You can specify which reads should be used for demultiplexing in RunInfo.xml, which may be more convenient than --use-bases-mask. I had a run with i7 (first index, Read#2) and i5 (second index, Read#3) but I only wanted to use i7 for demultiplexing.

1. Make a backup copy of RunInfo.xml, which is in the run folder with the SampleSheet etc.
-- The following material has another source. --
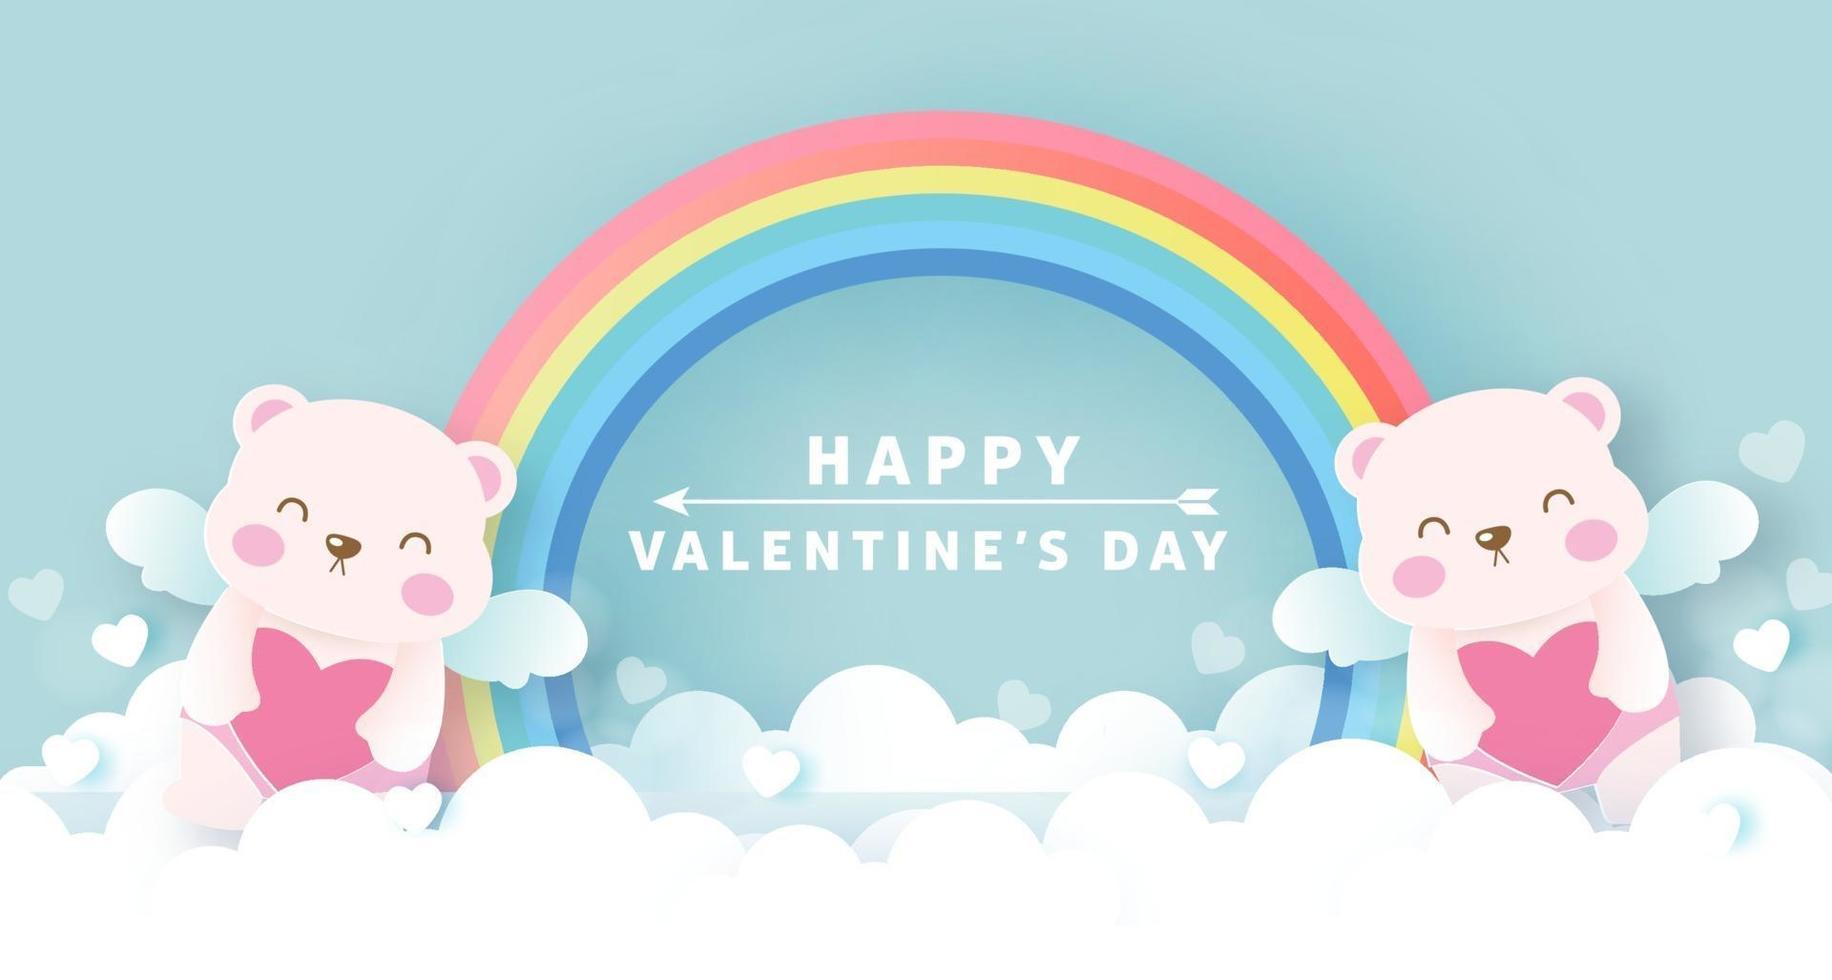 Valentijnsdag wenskaart met schattige cupido beren en regenboog. vector

2. Open RunInfo.xml and change the following:

<Read Number="3" NumCycles="8" IsIndexedRead="Y"/>

to

<Read Number="3" NumCycles="8" IsIndexedRead="N"/>

1. Update SampleSheet.csv so it has only one barcode column

2. Run bcl2fastq as you normally would

3. The output was demultiplexed by i7 (first index, Read#2) and contained fastq files for three reads:

…_R1_…fastq.gz for Read#1

…_R2_…fastq.gz for i5 (second index, Read#3) that I didn't want to use for indexing

…_R3_…fastq.gz for Read#4 (it was a paired-end run)

0
Entering edit mode

Did anyone try this using the i5 for demultiplexing?

0
Entering edit mode

It will work, if you want to ignore first index. What is the specific use case? Do you have an identical i7 index for all or was that read bad?

1
Entering edit mode

You are correct, I also had to remove the unnecessary columns from the Sample_Sheet. In this case, i7 is the "UMI" (for a subset of multiplexed samples) but you actually solved the problem in another thread. Since the sequence was so short it was masked when treated as a read and thus the added param --mask-short-adapter-reads 0 was needed.